The occupant of the stall was wearing a mismatch tracksuit with the sleeves pulled up revealing a landscape of veins and scabbed skin. Simon’s left foot twitched instinctively toward the bathroom door. He had to run and get help at once. It wouldn’t do to have a junkie die when it was his day for bathroom checks. But taking a last look over his shoulder Simon saw that without any doubt, the man was dead. He was young. Near enough Simon’s age. He probably had a child, probably dead too. Leaning into the cubicle a bit Simon saw that the man’s mouth was crusted with stale foam, and scanning his arms he saw a minefield of puncture marks. The pity which usually plunged from his collarbones into his stomach at the sight of death, even upon passing the carcasses of badgers honeycombed with tyre-tracks, did not materialise. He stood there for a minute pouting his lips sort of nodding to himself. He considered the man. He didn’t know how long he stood there nor how long they had been smiling at each other when pocket-borne smelling salts pulled him back and he went to fetch Golly Bar.

* * *

Meanwhile in Heaven, another man, one Michael “Mutt” Cawley, was pacing along by the pearly fence which proceeds in an infinite continuum outward from the pearly gates. Dispassionate looters had raided his shop on North Earl Street during the Rising, and all Mutt remembered was a sharp pain in his chest, the sensation of breathlessness, then the transcending light of those same gates.

Mutt hadn’t married because “fuck dat”, and was happy because heaven was filled with an infinity of beautiful and available Women. Now, an infinity of beautiful Women sounds like a dream come true for most guys, and Mutt took full advantage of it, at least to begin with. The problem is, once you’ve slept with, or masturbated to a girl of infinite beauty and virtue you can’t really top it. The mental vault where wank-fuel is kept becomes overcrowded with faces of equal appeal and leads to a stagnation of the carnal senses. Plus, Jesus kept referring to everyone as brothers and sisters which just made things weird.

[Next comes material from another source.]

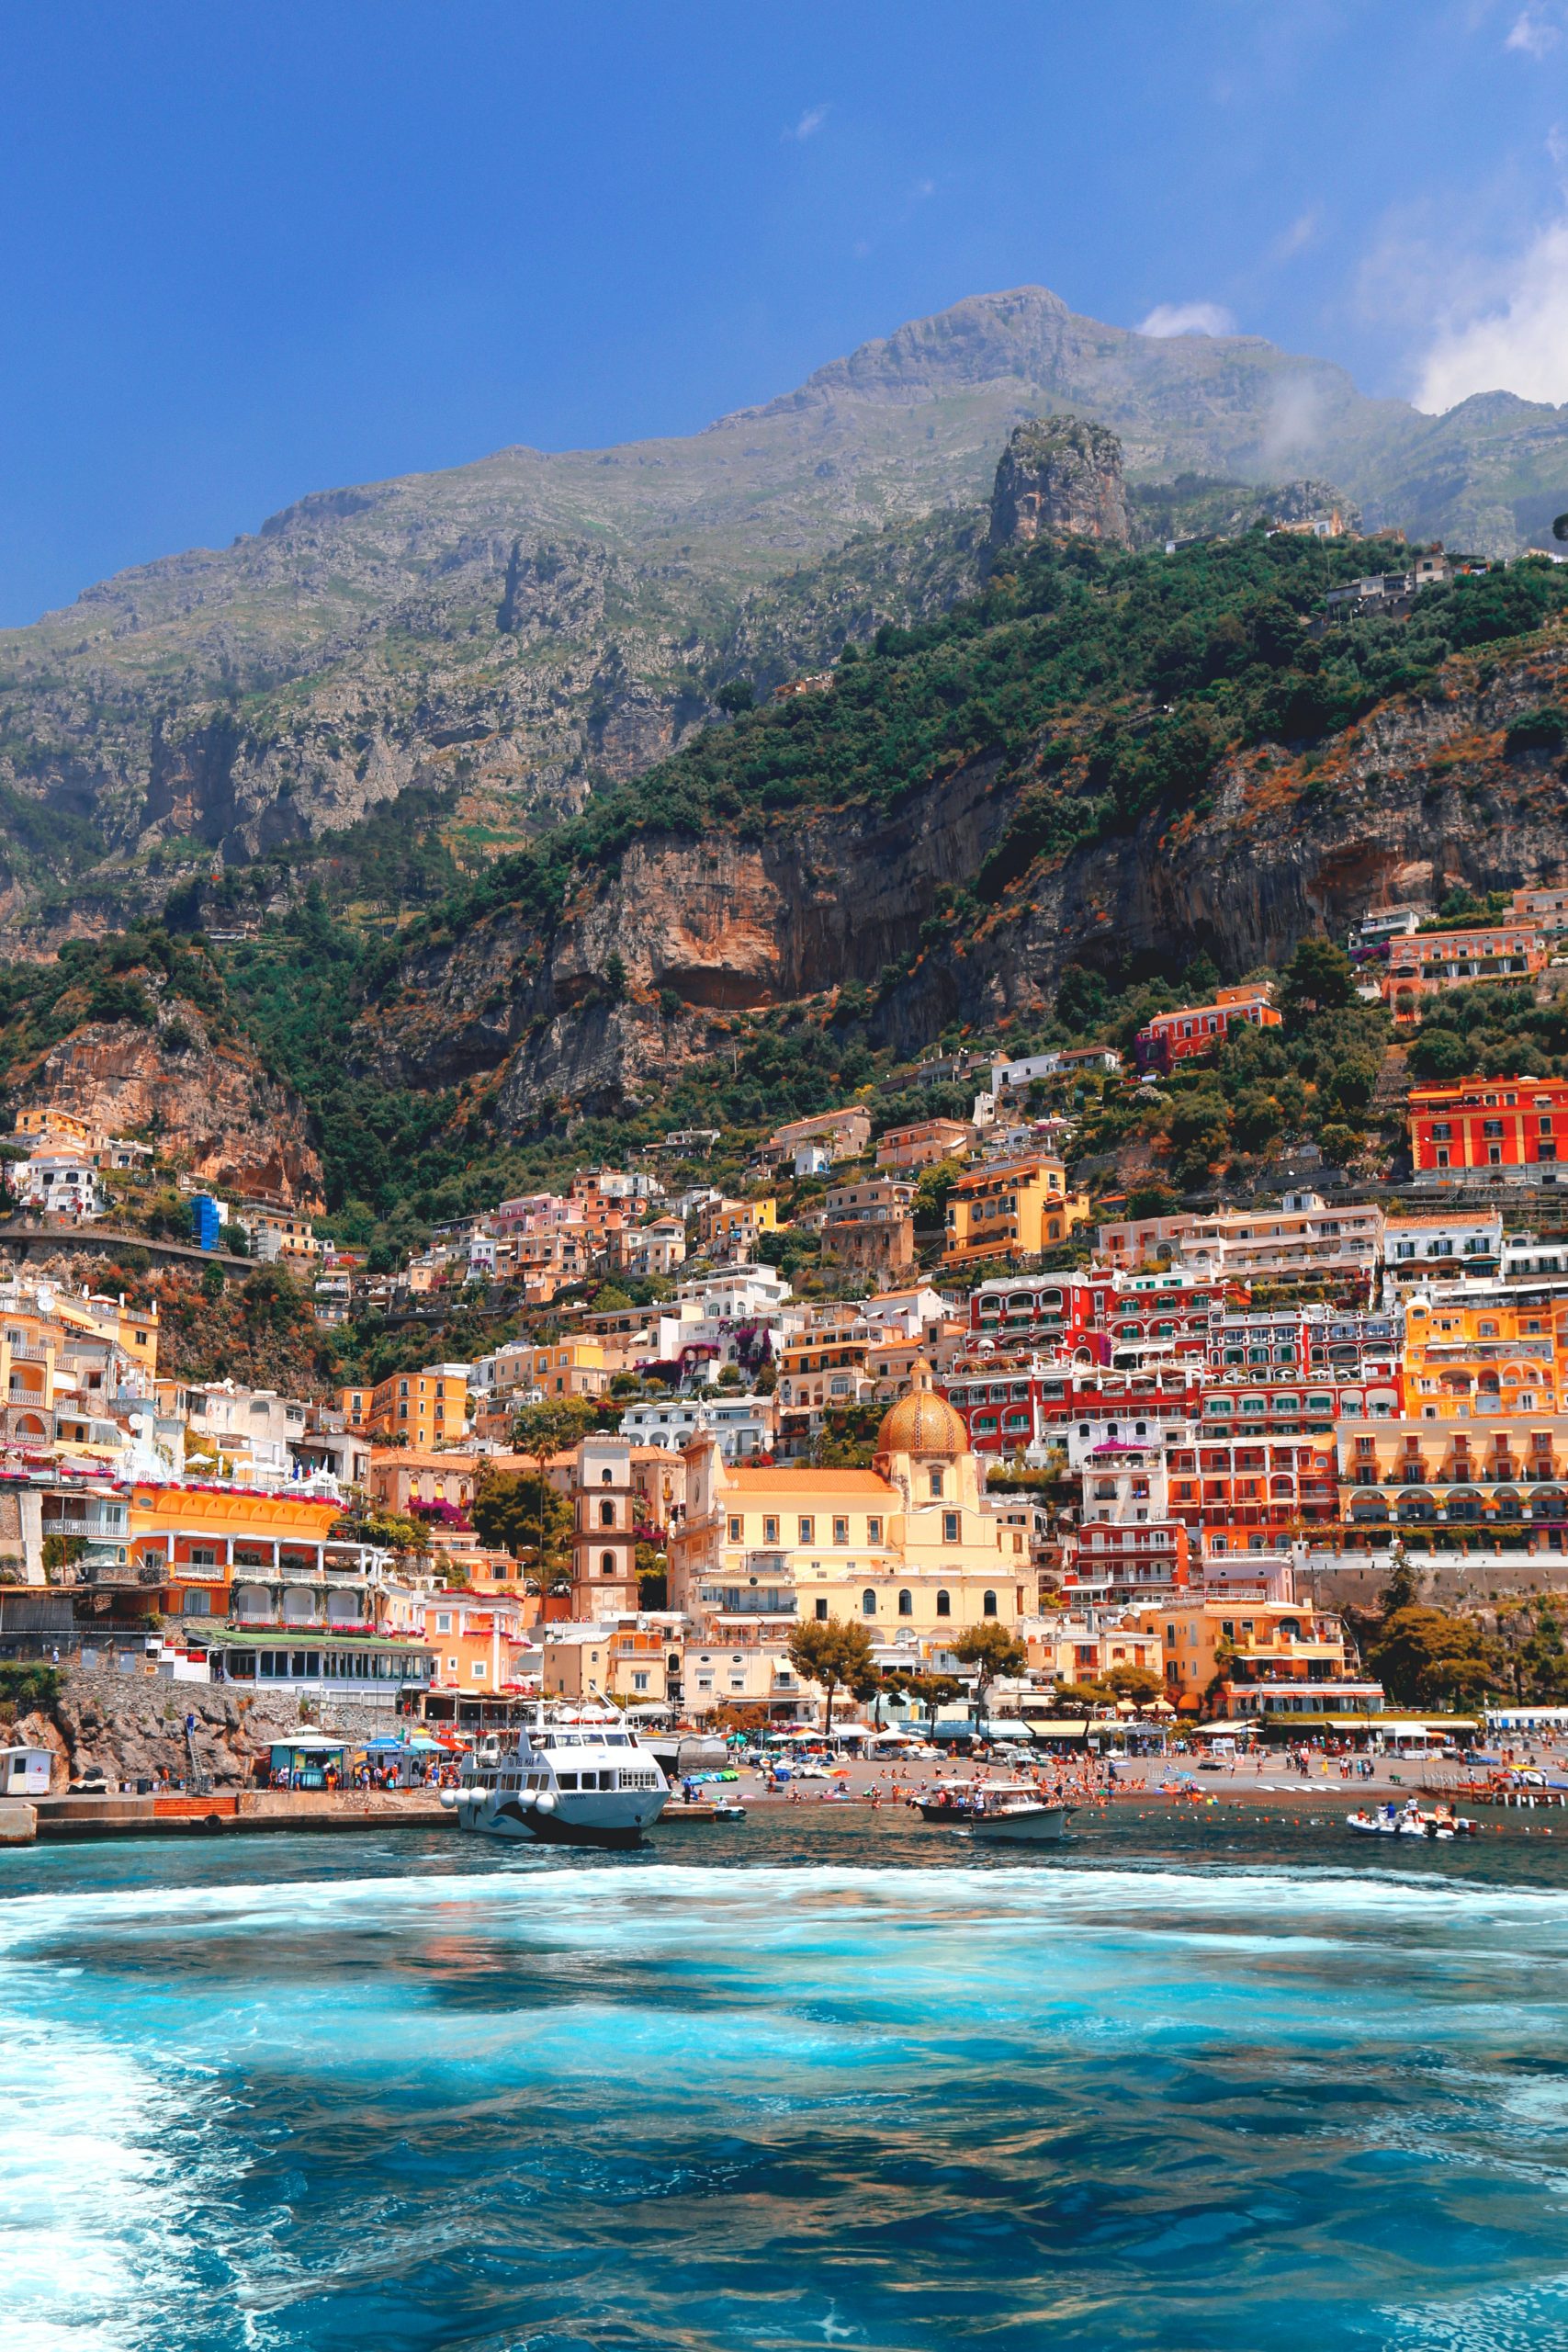 The South, the Sea, and the Amalfi Coast

Mutt had worked his whole life and hated the idea of the afterlife being an eternal retirement. Accordingly God had fitted him with a nice, easy-to-manage shop which made a steady profit. Mutt didn’t buy anything with his earnings however because he just had to wish for stuff and stuff would appear. The days of chasing knackers away from the veggies were gone. However, Mutt, the roguish salesman leaping out of bed with ideas for promotions and charming old ladies into buying more tights, also belonged to the previous life. He had the quickest wit in North Dublin, but he was far from there now. In Heaven everything he said was witty. He had come to realise that when everyone laughs at every joke, humour ceases to exist.

Mutt felt completely unrooted in Heaven. In North Earl Street you had to fit or else you simply couldn’t be there, and it was hard to have a sense of belonging in a place that was not only timeless but nowhere and everywhere simultaneously. It was this sort of vague non-definition of heaven that Mutt disliked. It could be infinitely small, packed somewhere between the burgeoning subatomics of the ice under Mars for example, or colossal like a vast sphere encasing a multiverse. He hadn’t figured this all out for himself either. One day he had simply wanted to know and so he knew. The uncertainty itself was a fact, but it really didn’t matter anyway. Big or small, “infinity is fucking infinity God damnit”, and that’s all there was to it. Mutt’s resentment of it all was as inconsequential as piss in the Ocean. Somewhere in the coming eternity he was going to feel every emotion in every single way, billions and billions of times over. He would amass such experience that any torment or triumph would be faced with equal lucidity and indifference. Like humour, infinity was also the death of experience.